• _YOUR GOAL_: What you submit must be an exact copy of the listing below, with no images in it.

• _DATA EXCERPT_:
══════════

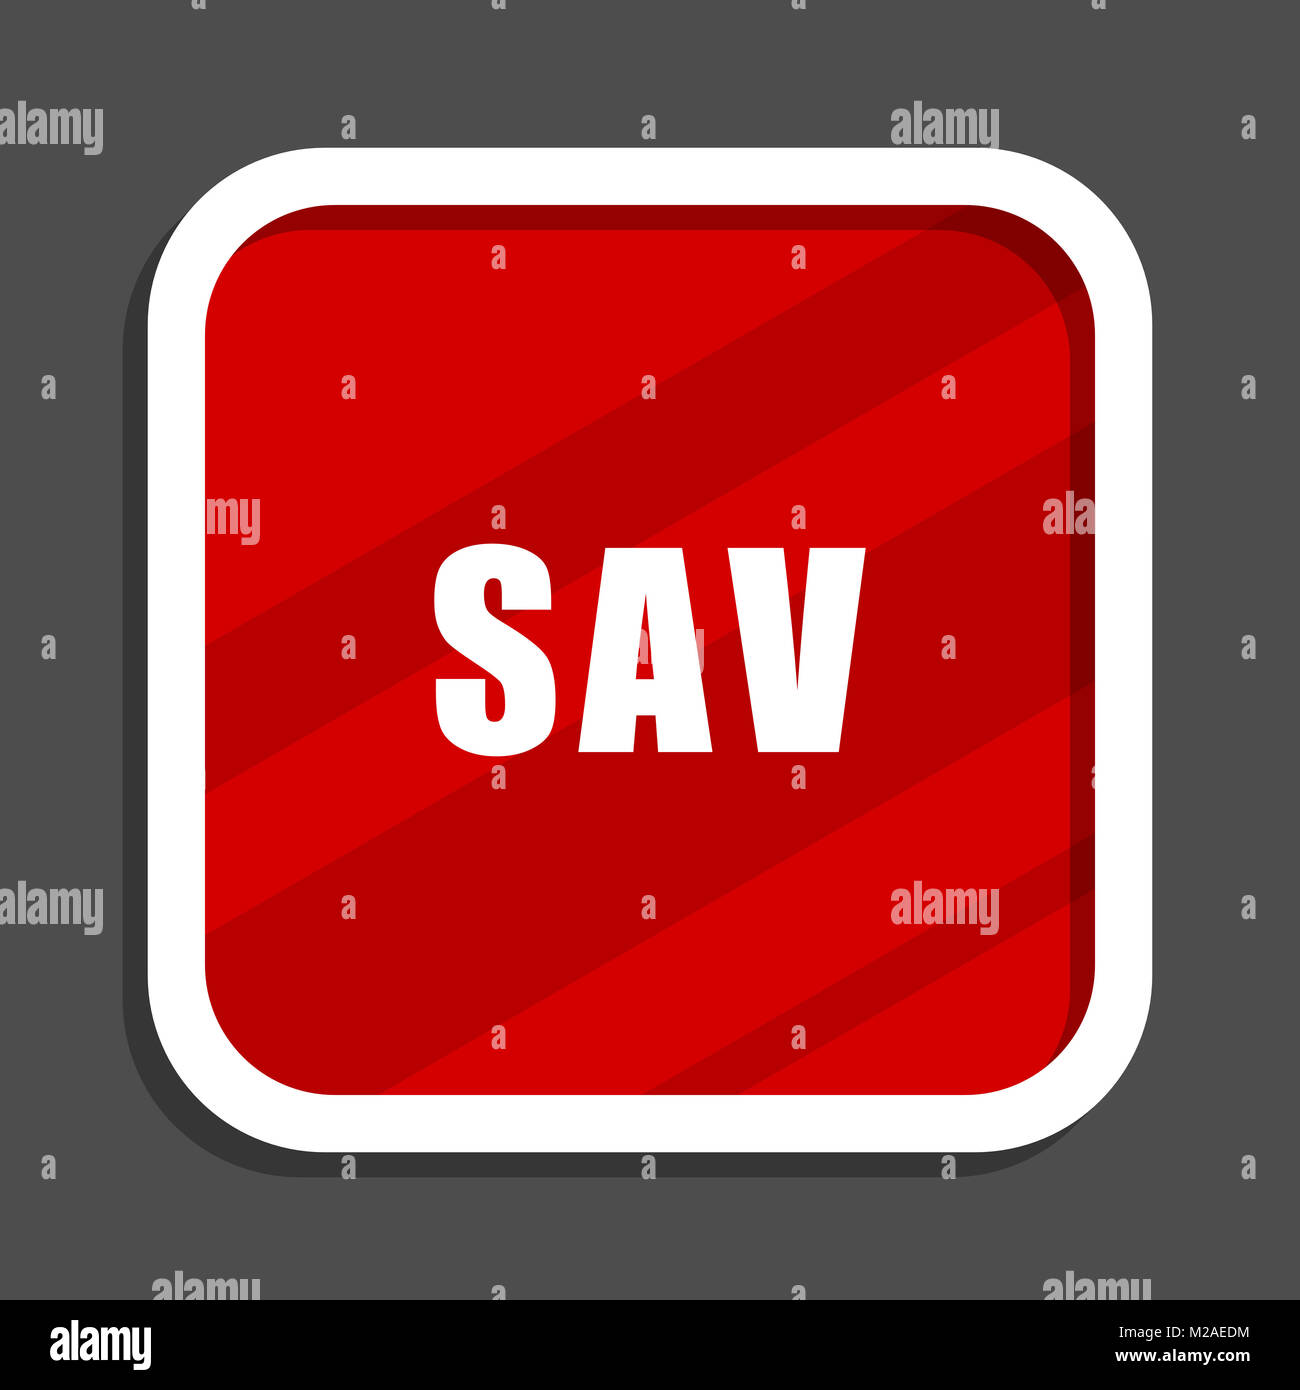 Sav icon. Flat design square internet banner. Stock Photo
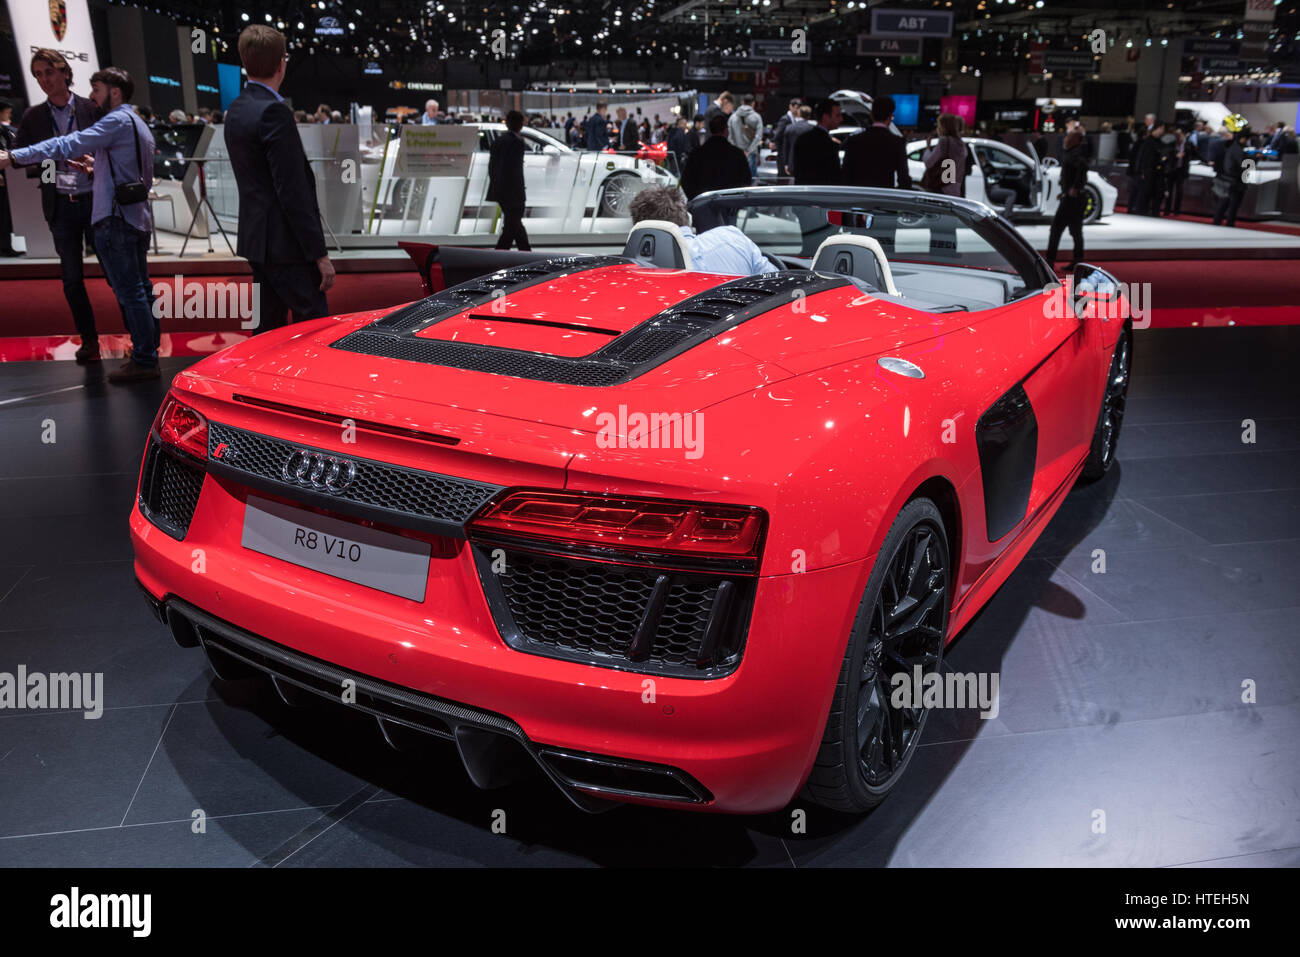 Audi R8 V10 Plus am Genf, Schweiz Internationalen Auto und Motor Show  Stockfotografie - Alamy
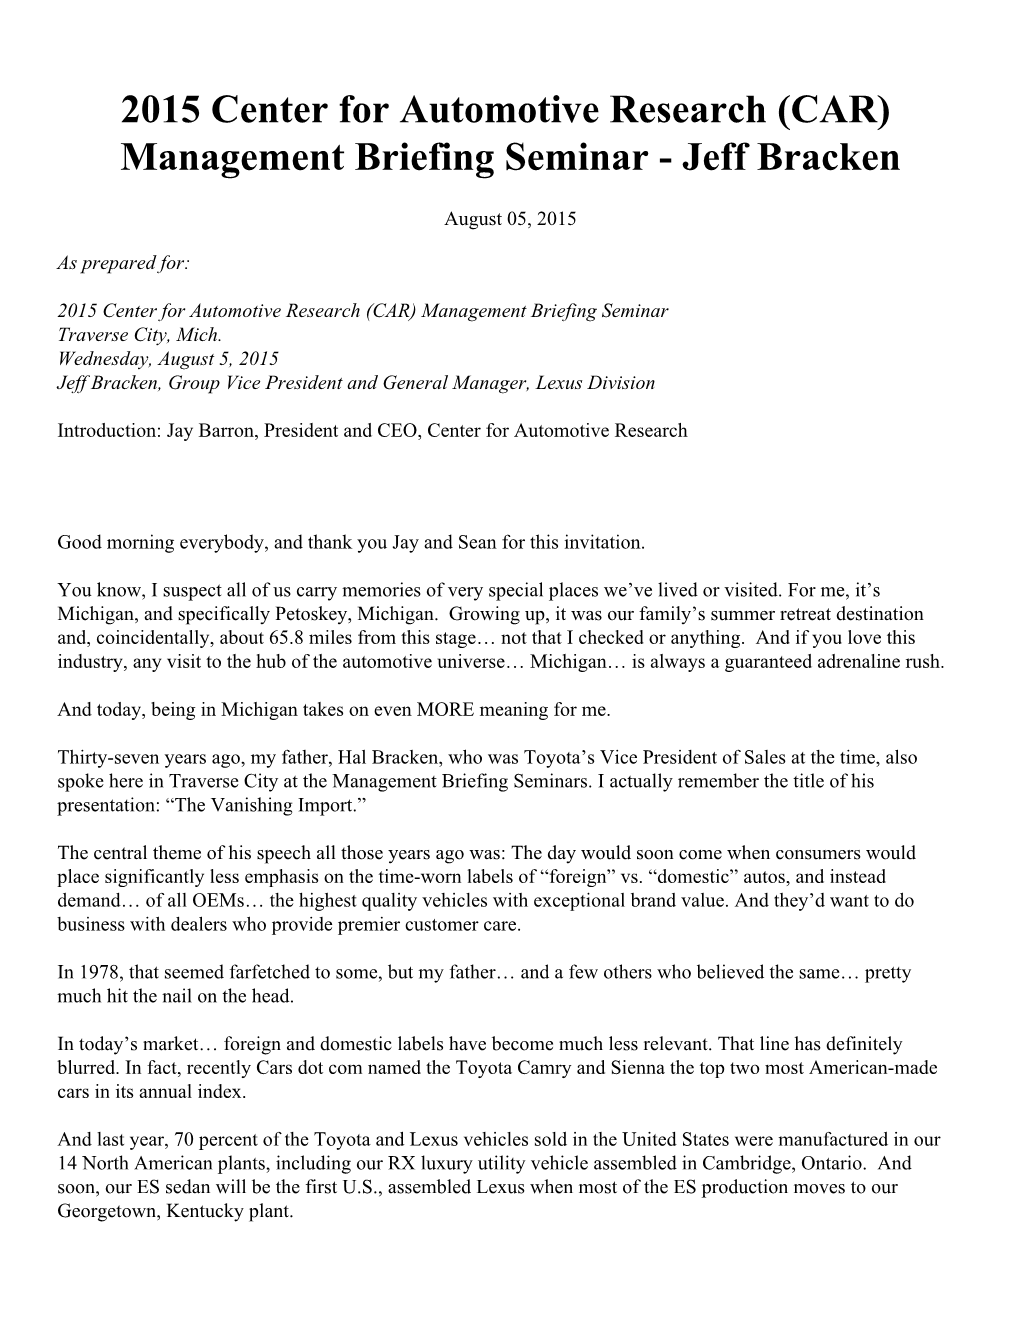 2015 Center for Automotive Research (CAR) Management Briefing Seminar - Jeff Bracken
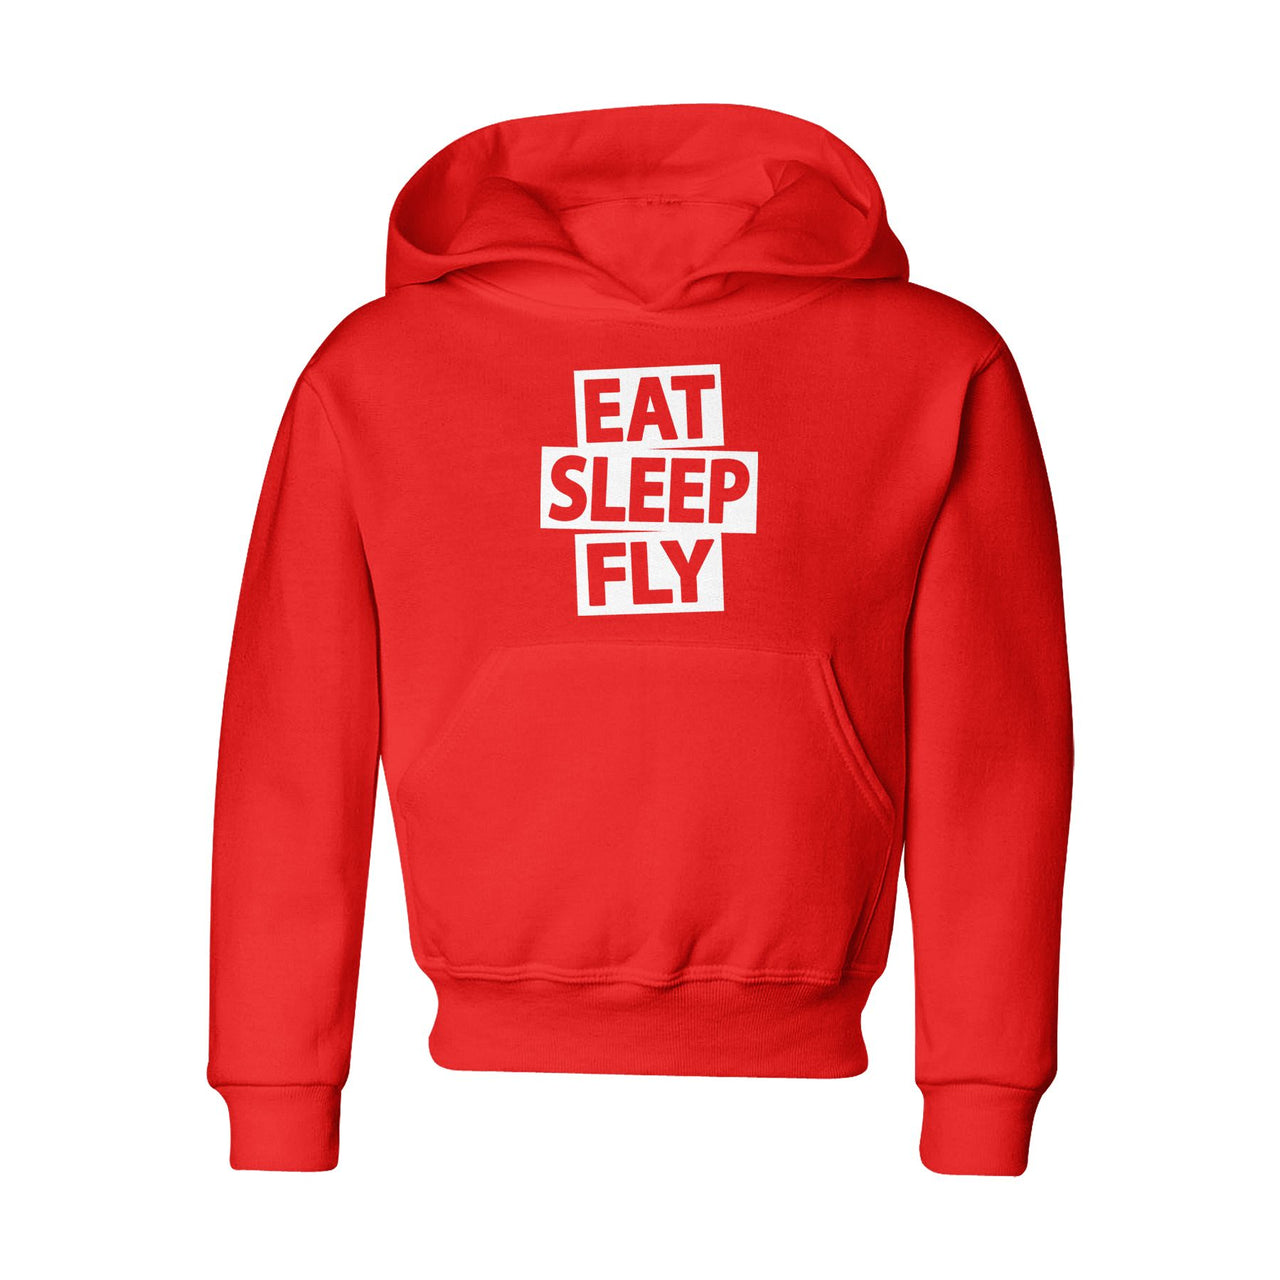 Eat Sleep Fly Designed "CHILDREN" Hoodies

══════════

• _ANSWER SECTION_:
 Sav icon. Flat design square internet banner. Stock Photo
 Audi R8 V10 Plus am Genf, Schweiz Internationalen Auto und Motor Show  Stockfotografie - Alamy
 2015 Center for Automotive Research (CAR) Management Briefing Seminar - Jeff Bracken
 Eat Sleep Fly Designed "CHILDREN" Hoodies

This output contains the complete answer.